_Your objective_
Make an exact copy of the listing underneath, skipping each picture.

_Dataset section_
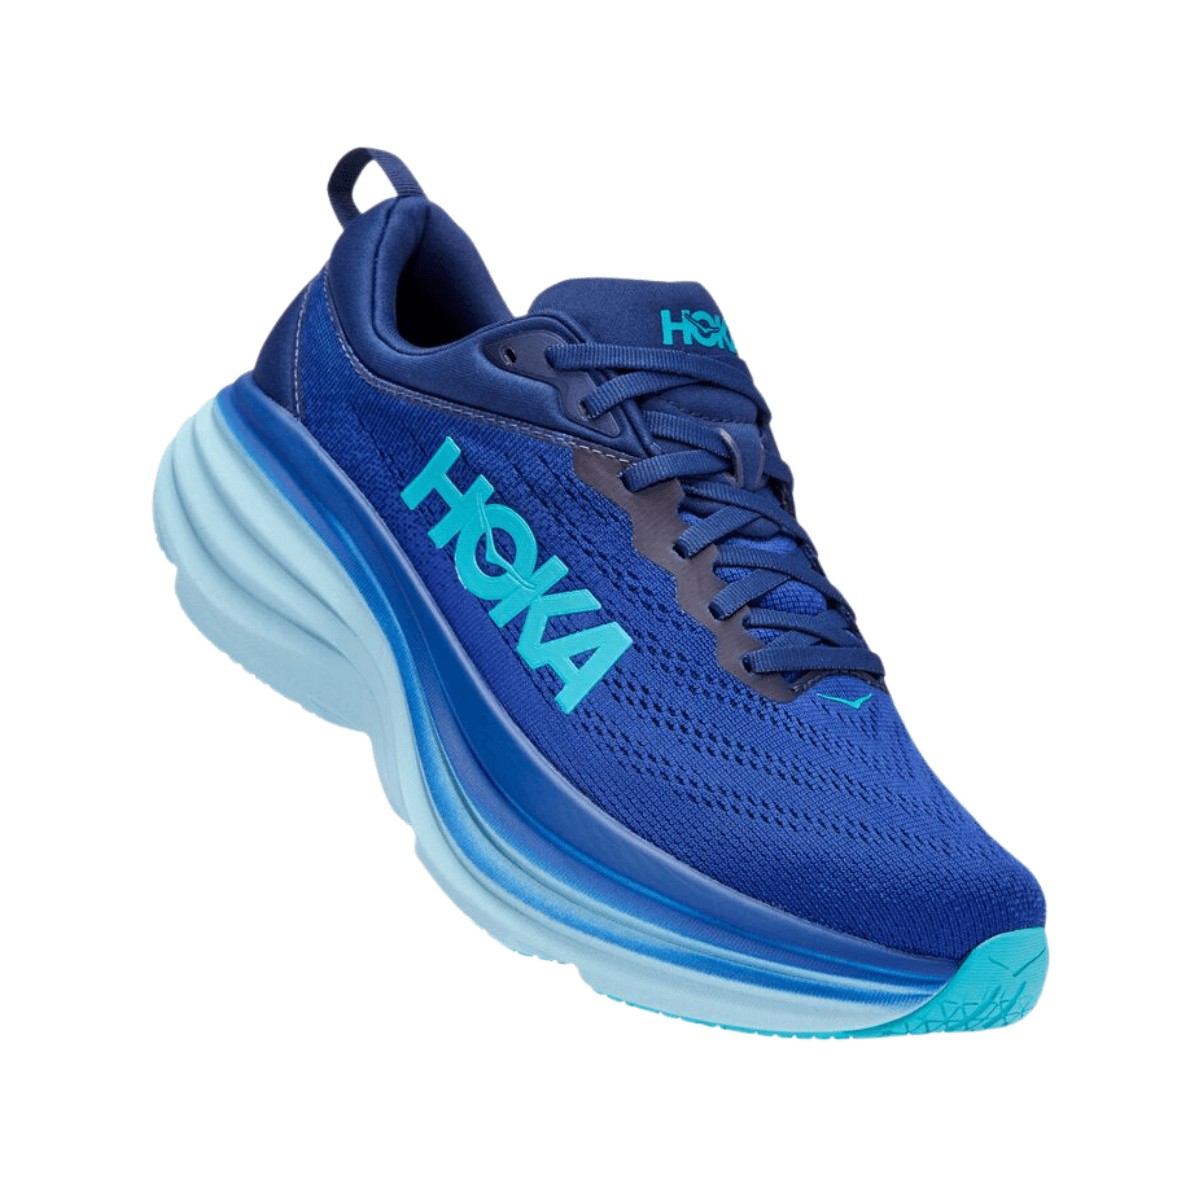 Shoes Hoka One One Bondi 8 Blue AW22, Size EU 42 2/3
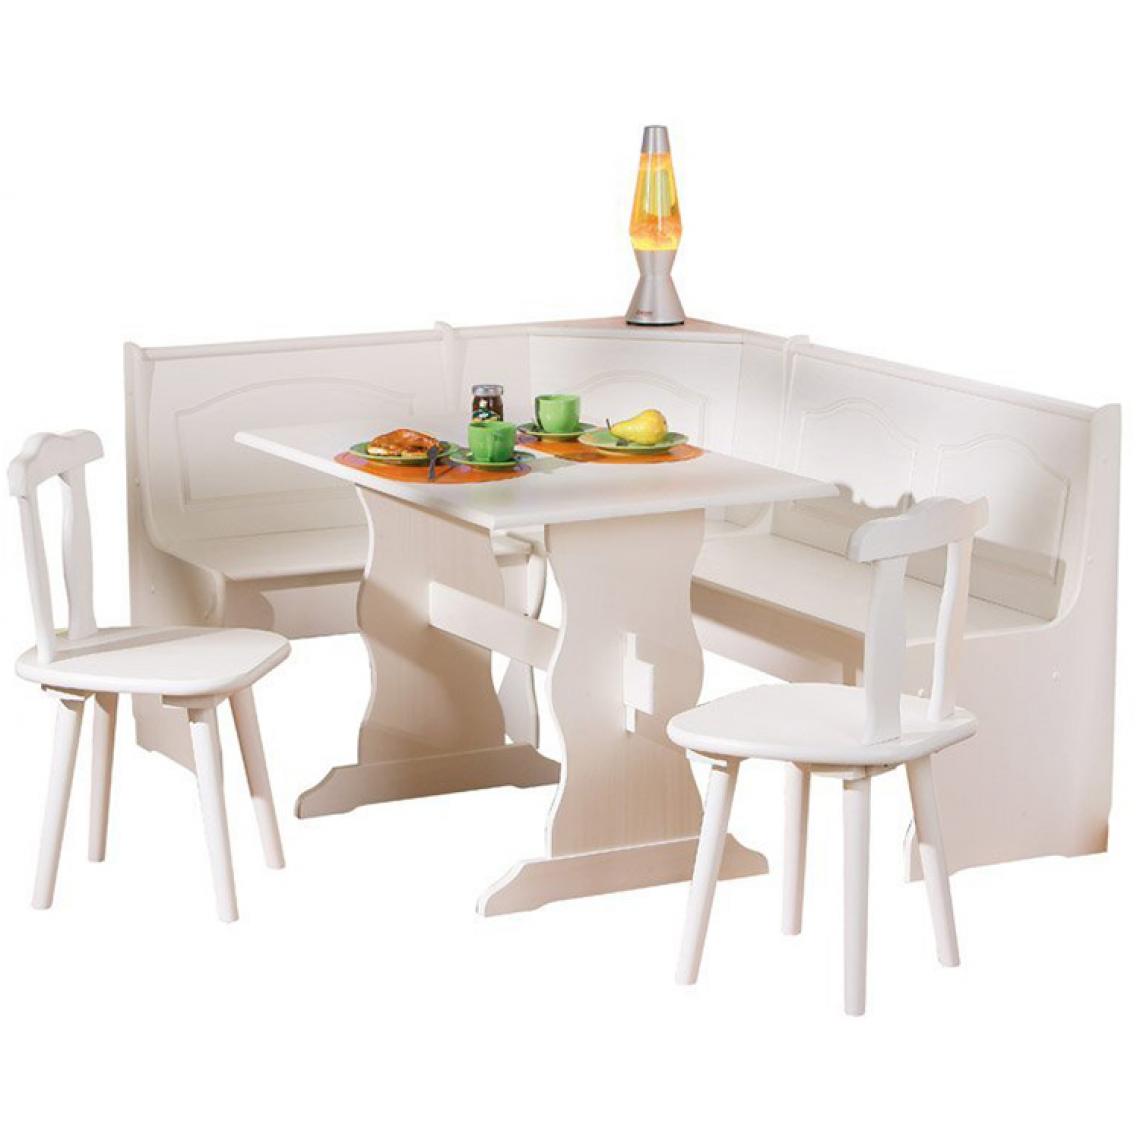 Pegane - Coin Repas en bois massif Blanc, Dim : 50 x 172 x 87 cm - Tables à manger
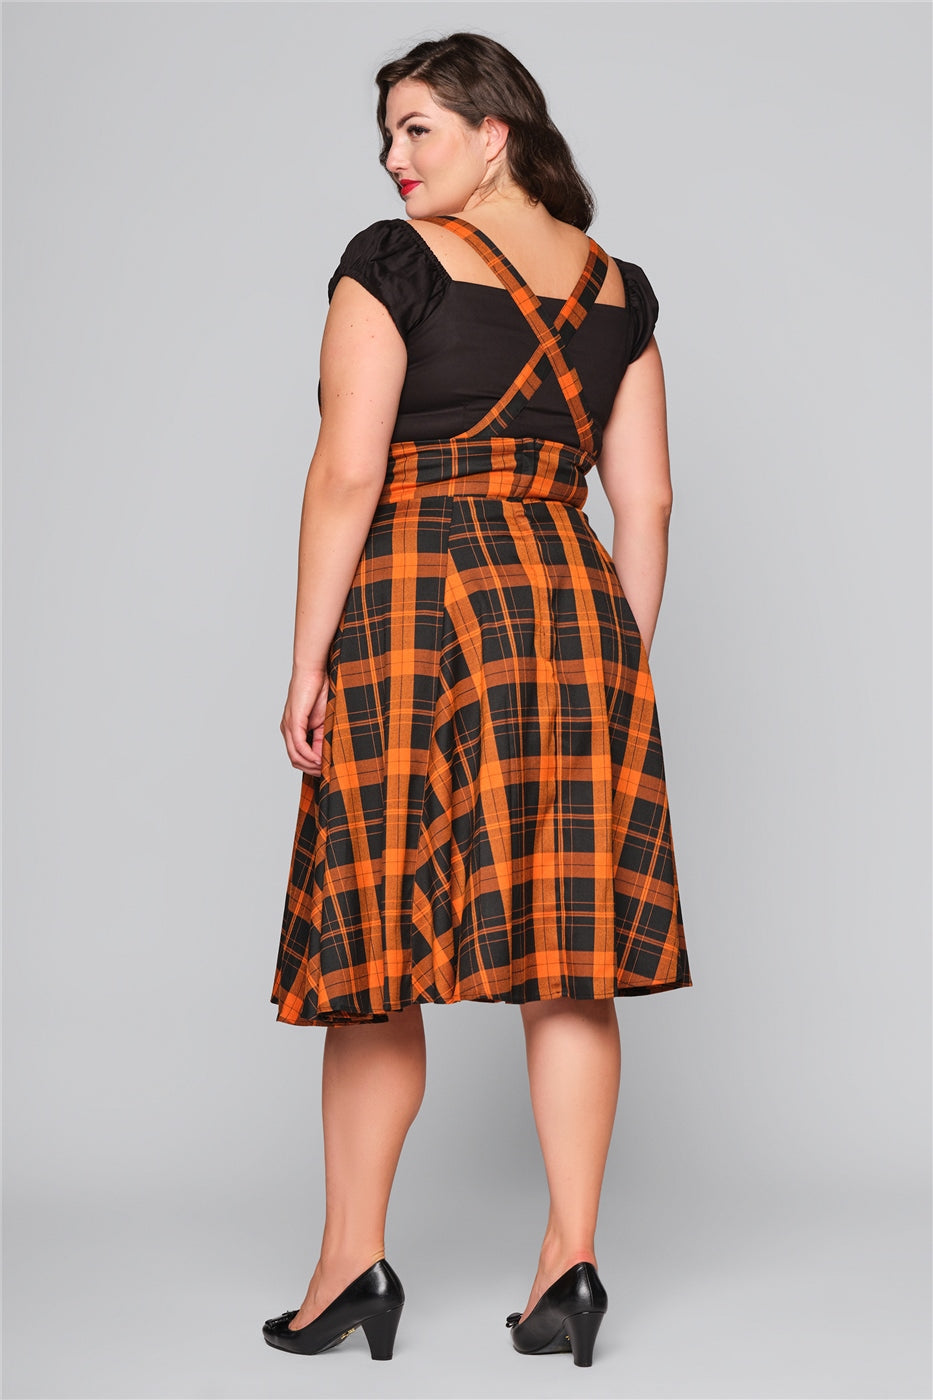 Alexa Pumpkin Check Swing Skirt by Collectif

_Expected answer_
 Shoes Hoka One One Bondi 8 Blue AW22, Size EU 42 2/3
 Pegane - Coin Repas en bois massif Blanc, Dim : 50 x 172 x 87 cm - Tables à manger
 Alexa Pumpkin Check Swing Skirt by Collectif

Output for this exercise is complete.